* Extracted material
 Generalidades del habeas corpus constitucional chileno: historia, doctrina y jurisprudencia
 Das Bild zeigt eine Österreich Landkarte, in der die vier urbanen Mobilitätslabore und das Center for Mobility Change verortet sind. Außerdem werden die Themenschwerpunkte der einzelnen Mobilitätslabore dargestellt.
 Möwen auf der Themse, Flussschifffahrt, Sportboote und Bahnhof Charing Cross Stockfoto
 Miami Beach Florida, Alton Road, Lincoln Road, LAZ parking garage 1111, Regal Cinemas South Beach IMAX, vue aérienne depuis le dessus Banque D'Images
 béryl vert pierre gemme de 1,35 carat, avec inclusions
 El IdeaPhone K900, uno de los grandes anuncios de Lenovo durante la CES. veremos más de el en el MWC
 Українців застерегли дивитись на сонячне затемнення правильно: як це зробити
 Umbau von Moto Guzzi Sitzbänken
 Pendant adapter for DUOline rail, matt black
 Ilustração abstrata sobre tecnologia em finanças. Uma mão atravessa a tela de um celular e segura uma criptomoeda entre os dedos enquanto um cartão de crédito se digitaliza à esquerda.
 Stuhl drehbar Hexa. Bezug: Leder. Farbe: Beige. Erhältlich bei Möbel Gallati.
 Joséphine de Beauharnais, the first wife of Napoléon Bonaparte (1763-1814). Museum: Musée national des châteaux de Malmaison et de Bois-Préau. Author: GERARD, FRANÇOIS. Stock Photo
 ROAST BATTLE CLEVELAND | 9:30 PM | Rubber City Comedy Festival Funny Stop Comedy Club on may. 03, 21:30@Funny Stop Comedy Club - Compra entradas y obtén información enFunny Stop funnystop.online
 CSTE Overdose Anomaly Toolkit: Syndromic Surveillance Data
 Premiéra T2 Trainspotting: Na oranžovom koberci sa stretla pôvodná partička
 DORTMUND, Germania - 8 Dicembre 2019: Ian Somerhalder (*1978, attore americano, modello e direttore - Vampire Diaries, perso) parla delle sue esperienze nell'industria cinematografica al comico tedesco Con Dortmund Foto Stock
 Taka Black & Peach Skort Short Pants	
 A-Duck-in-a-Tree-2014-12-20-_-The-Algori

* What the task asks
Take the listing above from its first line through the line containing "ROAST BATTLE CLEVELAND", and transcribe that stretch exactly, with no other lines.

* Solution to this task
 Generalidades del habeas corpus constitucional chileno: historia, doctrina y jurisprudencia
 Das Bild zeigt eine Österreich Landkarte, in der die vier urbanen Mobilitätslabore und das Center for Mobility Change verortet sind. Außerdem werden die Themenschwerpunkte der einzelnen Mobilitätslabore dargestellt.
 Möwen auf der Themse, Flussschifffahrt, Sportboote und Bahnhof Charing Cross Stockfoto
 Miami Beach Florida, Alton Road, Lincoln Road, LAZ parking garage 1111, Regal Cinemas South Beach IMAX, vue aérienne depuis le dessus Banque D'Images
 béryl vert pierre gemme de 1,35 carat, avec inclusions
 El IdeaPhone K900, uno de los grandes anuncios de Lenovo durante la CES. veremos más de el en el MWC
 Українців застерегли дивитись на сонячне затемнення правильно: як це зробити
 Umbau von Moto Guzzi Sitzbänken
 Pendant adapter for DUOline rail, matt black
 Ilustração abstrata sobre tecnologia em finanças. Uma mão atravessa a tela de um celular e segura uma criptomoeda entre os dedos enquanto um cartão de crédito se digitaliza à esquerda.
 Stuhl drehbar Hexa. Bezug: Leder. Farbe: Beige. Erhältlich bei Möbel Gallati.
 Joséphine de Beauharnais, the first wife of Napoléon Bonaparte (1763-1814). Museum: Musée national des châteaux de Malmaison et de Bois-Préau. Author: GERARD, FRANÇOIS. Stock Photo
 ROAST BATTLE CLEVELAND | 9:30 PM | Rubber City Comedy Festival Funny Stop Comedy Club on may. 03, 21:30@Funny Stop Comedy Club - Compra entradas y obtén información enFunny Stop funnystop.online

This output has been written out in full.